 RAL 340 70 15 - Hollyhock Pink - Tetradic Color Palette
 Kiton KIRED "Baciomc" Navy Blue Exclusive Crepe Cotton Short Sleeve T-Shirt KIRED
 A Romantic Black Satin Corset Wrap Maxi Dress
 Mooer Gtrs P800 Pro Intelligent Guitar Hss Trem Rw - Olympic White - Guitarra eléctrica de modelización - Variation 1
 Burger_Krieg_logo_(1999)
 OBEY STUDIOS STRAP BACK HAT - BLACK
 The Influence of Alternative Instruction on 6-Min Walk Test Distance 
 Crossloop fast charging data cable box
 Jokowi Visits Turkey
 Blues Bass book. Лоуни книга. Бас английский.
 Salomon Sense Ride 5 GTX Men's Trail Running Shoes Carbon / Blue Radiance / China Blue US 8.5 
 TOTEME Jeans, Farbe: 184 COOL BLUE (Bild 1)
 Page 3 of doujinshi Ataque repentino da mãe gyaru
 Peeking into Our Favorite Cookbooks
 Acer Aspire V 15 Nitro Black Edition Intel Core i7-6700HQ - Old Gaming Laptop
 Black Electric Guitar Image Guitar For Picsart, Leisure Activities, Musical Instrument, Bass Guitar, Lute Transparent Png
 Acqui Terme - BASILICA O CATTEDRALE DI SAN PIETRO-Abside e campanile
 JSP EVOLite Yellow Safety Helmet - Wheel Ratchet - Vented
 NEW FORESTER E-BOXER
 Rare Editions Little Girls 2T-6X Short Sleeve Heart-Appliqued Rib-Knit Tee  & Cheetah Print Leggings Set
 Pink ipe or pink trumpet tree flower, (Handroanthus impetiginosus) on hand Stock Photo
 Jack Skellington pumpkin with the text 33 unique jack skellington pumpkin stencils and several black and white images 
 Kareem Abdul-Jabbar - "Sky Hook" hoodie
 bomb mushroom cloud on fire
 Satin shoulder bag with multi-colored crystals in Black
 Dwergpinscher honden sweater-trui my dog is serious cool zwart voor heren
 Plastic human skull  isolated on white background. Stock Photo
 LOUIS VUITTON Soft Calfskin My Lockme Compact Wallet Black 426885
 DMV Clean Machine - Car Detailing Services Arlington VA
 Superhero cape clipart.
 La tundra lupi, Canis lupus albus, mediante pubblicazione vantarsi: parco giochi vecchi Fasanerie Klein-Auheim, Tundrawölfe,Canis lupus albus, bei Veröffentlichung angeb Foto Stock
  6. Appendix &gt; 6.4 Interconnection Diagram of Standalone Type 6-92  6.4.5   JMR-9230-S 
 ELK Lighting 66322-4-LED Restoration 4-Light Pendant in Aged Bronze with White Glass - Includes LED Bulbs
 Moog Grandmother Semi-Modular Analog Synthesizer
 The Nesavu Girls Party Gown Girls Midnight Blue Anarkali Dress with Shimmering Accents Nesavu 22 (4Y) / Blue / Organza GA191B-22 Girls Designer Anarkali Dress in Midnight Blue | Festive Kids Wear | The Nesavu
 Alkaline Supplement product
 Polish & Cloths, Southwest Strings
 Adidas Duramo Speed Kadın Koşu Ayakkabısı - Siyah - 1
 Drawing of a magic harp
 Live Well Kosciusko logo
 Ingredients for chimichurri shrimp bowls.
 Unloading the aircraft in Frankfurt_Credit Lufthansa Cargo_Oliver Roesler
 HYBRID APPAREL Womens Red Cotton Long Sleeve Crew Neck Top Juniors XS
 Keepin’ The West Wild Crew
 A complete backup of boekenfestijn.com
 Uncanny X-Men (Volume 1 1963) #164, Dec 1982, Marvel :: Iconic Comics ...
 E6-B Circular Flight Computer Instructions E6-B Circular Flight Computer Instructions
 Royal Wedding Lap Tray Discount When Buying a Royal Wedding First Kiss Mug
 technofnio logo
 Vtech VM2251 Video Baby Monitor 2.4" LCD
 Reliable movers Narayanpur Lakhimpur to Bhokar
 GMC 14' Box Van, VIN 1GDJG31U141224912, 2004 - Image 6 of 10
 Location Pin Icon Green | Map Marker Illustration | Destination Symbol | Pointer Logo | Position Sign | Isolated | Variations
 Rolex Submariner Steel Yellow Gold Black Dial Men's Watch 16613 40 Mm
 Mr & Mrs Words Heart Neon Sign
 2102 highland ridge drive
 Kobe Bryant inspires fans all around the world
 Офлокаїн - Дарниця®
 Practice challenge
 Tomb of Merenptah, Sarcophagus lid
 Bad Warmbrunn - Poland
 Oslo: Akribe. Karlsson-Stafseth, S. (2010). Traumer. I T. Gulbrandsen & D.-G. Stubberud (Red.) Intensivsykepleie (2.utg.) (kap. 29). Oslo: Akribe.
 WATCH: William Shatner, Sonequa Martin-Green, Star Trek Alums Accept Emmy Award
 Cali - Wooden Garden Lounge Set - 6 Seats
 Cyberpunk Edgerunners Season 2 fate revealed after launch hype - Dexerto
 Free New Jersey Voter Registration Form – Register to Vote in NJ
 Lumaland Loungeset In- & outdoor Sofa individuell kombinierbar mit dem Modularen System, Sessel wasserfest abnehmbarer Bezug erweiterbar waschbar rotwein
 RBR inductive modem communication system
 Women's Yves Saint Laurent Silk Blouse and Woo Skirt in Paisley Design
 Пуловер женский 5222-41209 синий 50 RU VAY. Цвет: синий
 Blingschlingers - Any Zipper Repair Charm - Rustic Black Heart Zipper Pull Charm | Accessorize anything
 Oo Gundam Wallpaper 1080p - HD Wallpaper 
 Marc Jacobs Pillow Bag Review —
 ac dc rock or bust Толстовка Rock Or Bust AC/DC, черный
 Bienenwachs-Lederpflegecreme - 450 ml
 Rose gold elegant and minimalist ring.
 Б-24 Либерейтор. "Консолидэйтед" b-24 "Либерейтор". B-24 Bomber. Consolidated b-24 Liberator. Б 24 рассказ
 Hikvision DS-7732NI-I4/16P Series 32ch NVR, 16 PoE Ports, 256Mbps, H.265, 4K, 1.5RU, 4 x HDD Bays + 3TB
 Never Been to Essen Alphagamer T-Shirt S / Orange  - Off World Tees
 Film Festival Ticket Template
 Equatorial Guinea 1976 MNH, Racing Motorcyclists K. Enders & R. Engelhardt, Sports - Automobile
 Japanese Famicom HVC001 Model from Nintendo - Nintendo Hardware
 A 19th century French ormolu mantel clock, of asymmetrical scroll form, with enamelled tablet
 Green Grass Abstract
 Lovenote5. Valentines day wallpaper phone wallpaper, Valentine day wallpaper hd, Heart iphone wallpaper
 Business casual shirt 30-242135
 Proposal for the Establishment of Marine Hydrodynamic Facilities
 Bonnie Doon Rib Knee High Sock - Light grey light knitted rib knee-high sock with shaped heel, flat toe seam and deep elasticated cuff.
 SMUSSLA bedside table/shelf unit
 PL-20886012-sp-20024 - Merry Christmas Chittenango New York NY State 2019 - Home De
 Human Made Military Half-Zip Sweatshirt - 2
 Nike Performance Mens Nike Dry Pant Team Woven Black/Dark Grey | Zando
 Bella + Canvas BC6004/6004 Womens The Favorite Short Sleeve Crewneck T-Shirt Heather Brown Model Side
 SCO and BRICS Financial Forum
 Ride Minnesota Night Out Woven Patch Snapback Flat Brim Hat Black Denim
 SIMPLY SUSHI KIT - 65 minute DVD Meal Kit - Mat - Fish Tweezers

- - - -

*PROBLEM DESCRIPTION:* Retype exactly, and only, the lines above from the one where "Live Well Kosciusko logo" occurs up to and including the one where "Royal Wedding Lap" occurs.

*EXPECTED ANSWER:*
 Live Well Kosciusko logo
 Ingredients for chimichurri shrimp bowls.
 Unloading the aircraft in Frankfurt_Credit Lufthansa Cargo_Oliver Roesler
 HYBRID APPAREL Womens Red Cotton Long Sleeve Crew Neck Top Juniors XS
 Keepin’ The West Wild Crew
 A complete backup of boekenfestijn.com
 Uncanny X-Men (Volume 1 1963) #164, Dec 1982, Marvel :: Iconic Comics ...
 E6-B Circular Flight Computer Instructions E6-B Circular Flight Computer Instructions
 Royal Wedding Lap Tray Discount When Buying a Royal Wedding First Kiss Mug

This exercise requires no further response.